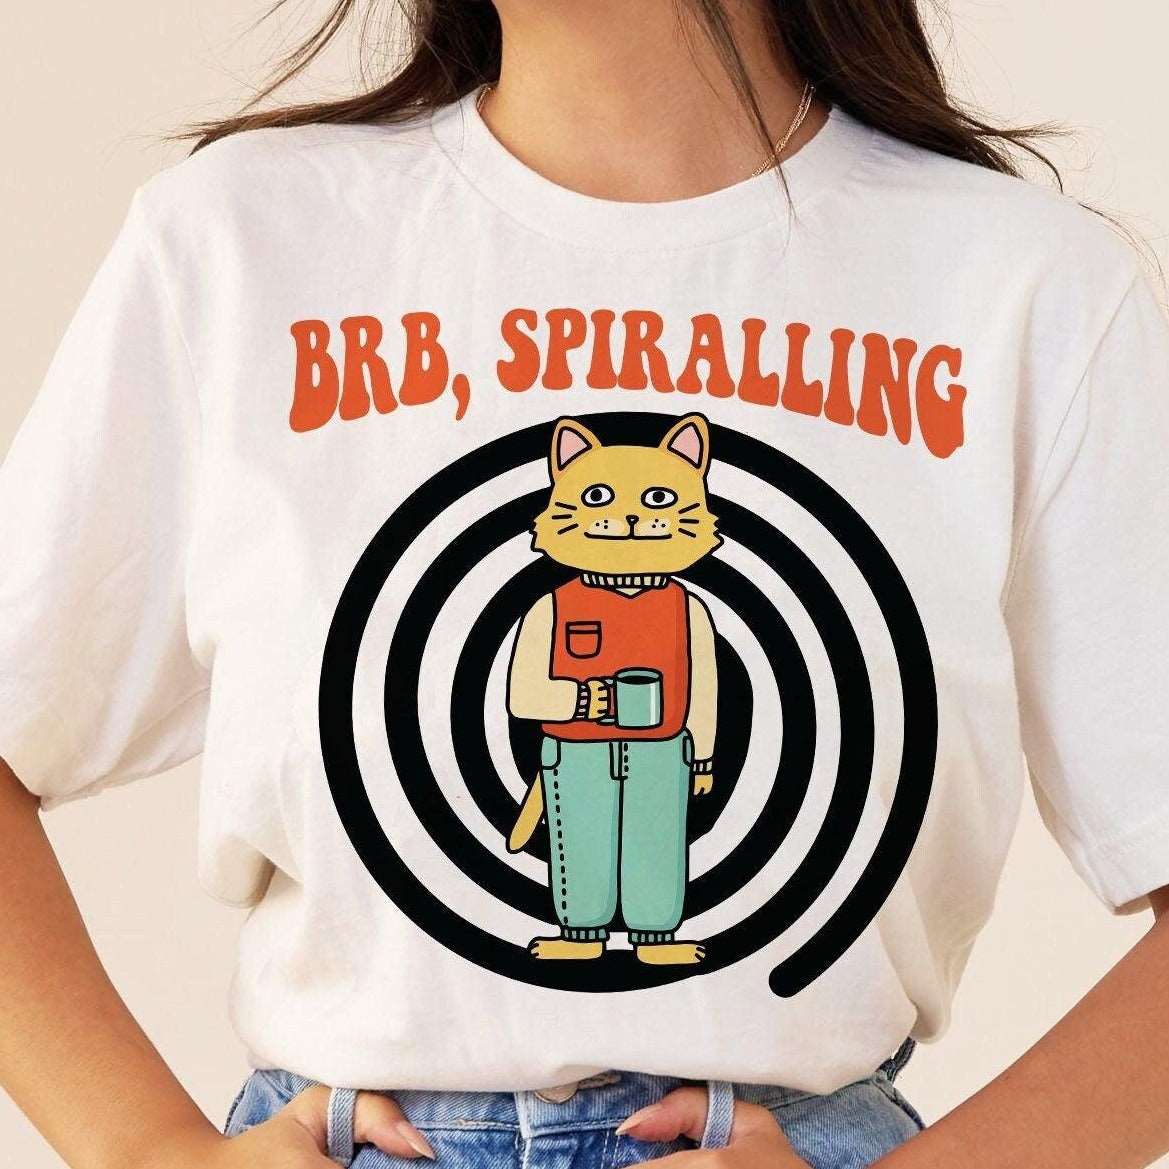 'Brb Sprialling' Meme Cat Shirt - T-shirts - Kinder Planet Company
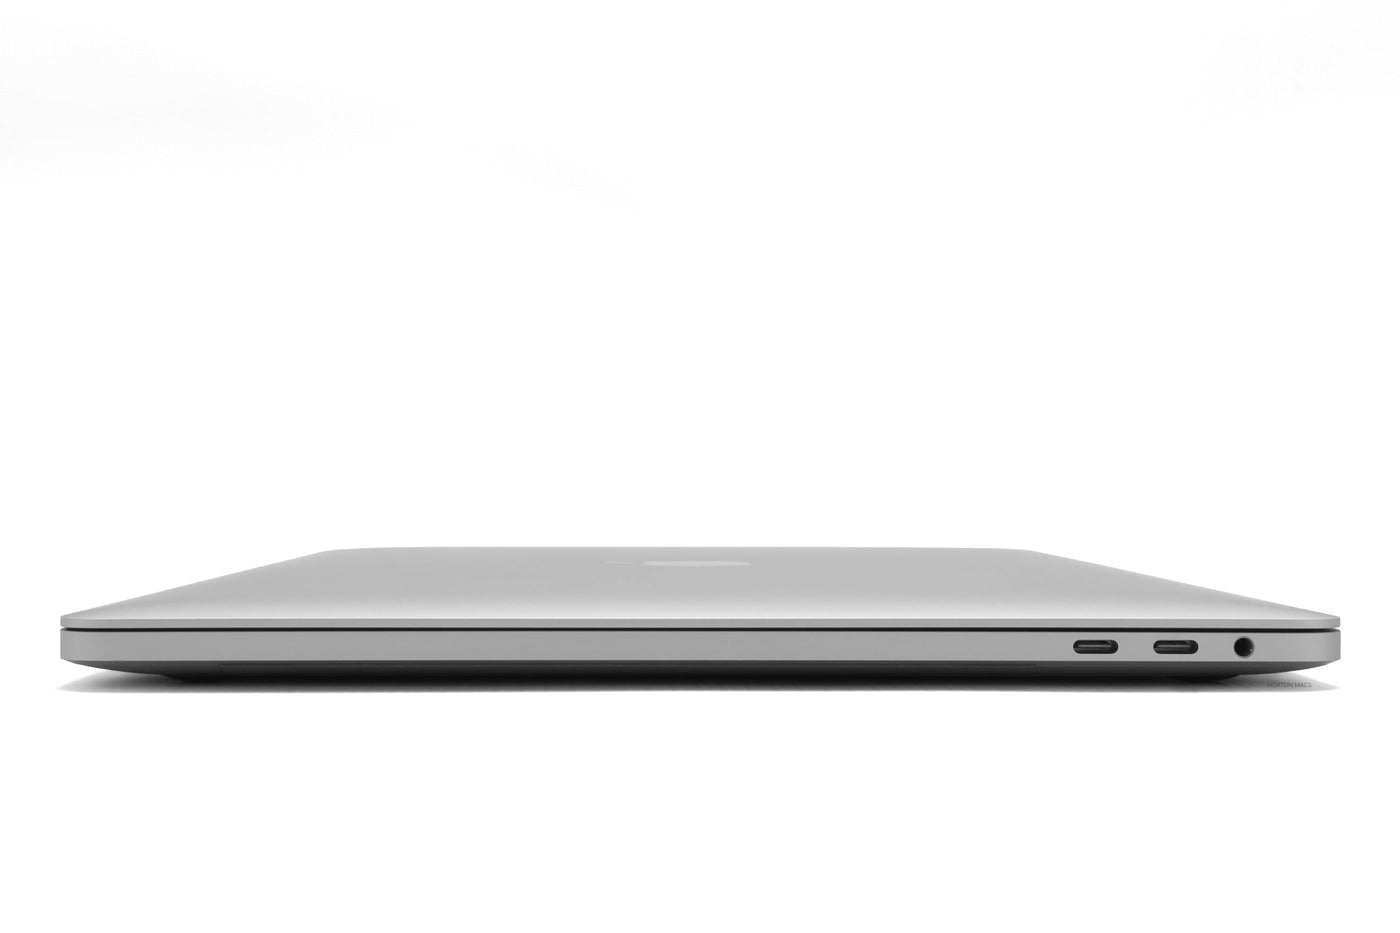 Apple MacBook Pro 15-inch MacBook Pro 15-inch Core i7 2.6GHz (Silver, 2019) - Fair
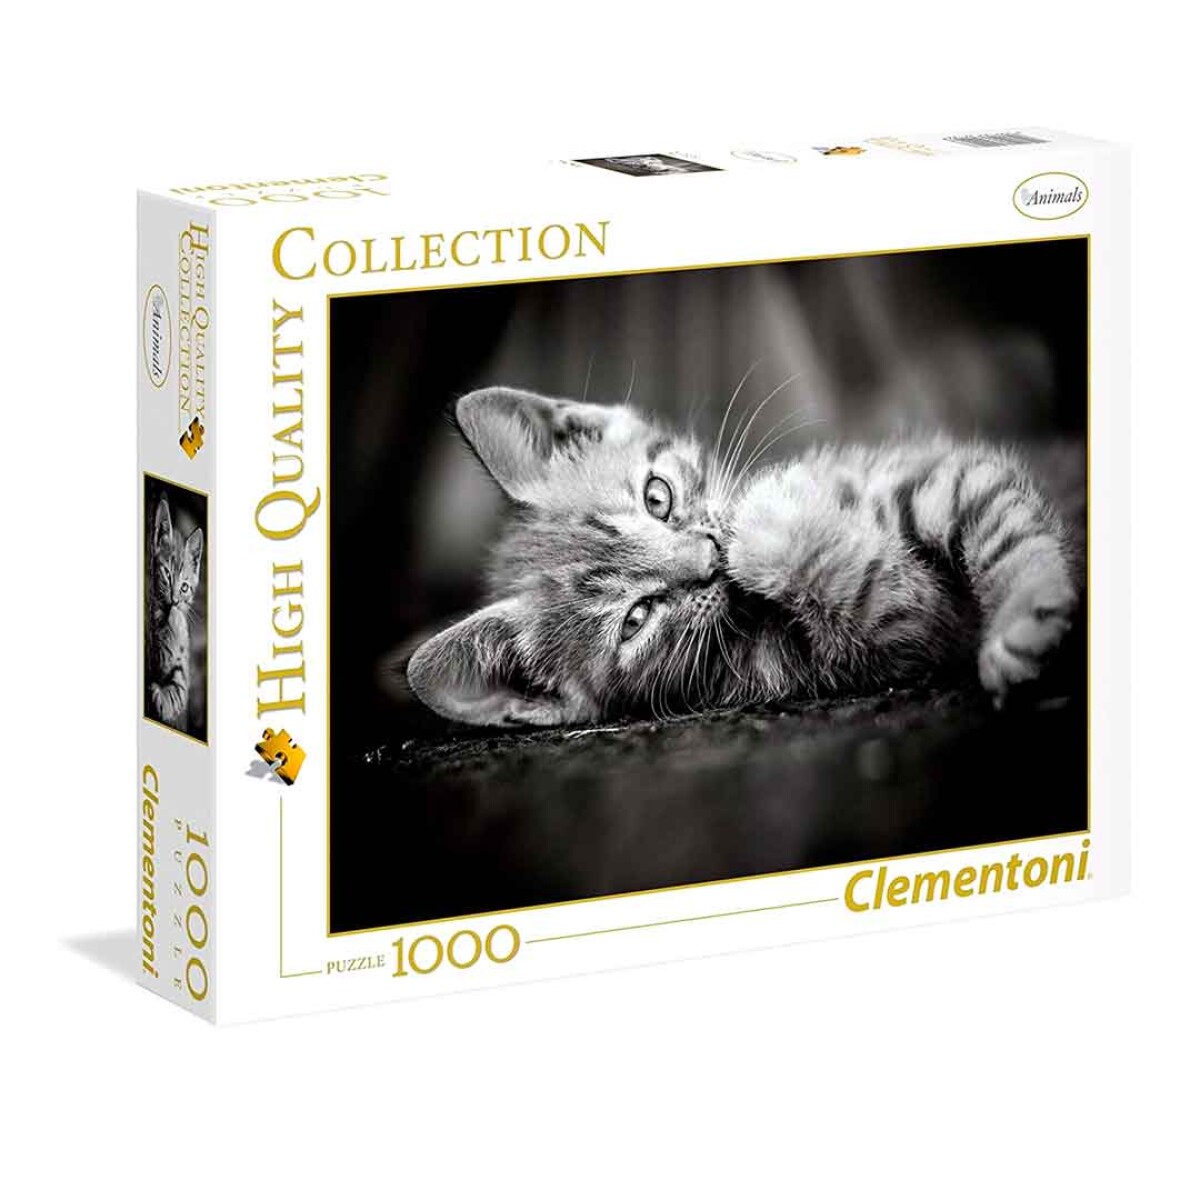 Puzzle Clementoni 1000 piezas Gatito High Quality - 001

--

Extract word for word every line from the line that contains "Apple MacBook Pro" to the final line of the data, both included, and nothing else; skip the pictures.

 Apple MacBook Pro 15-inch MacBook Pro 15-inch Core i7 2.6GHz (Silver, 2019) - Fair
 Puzzle Clementoni 1000 piezas Gatito High Quality - 001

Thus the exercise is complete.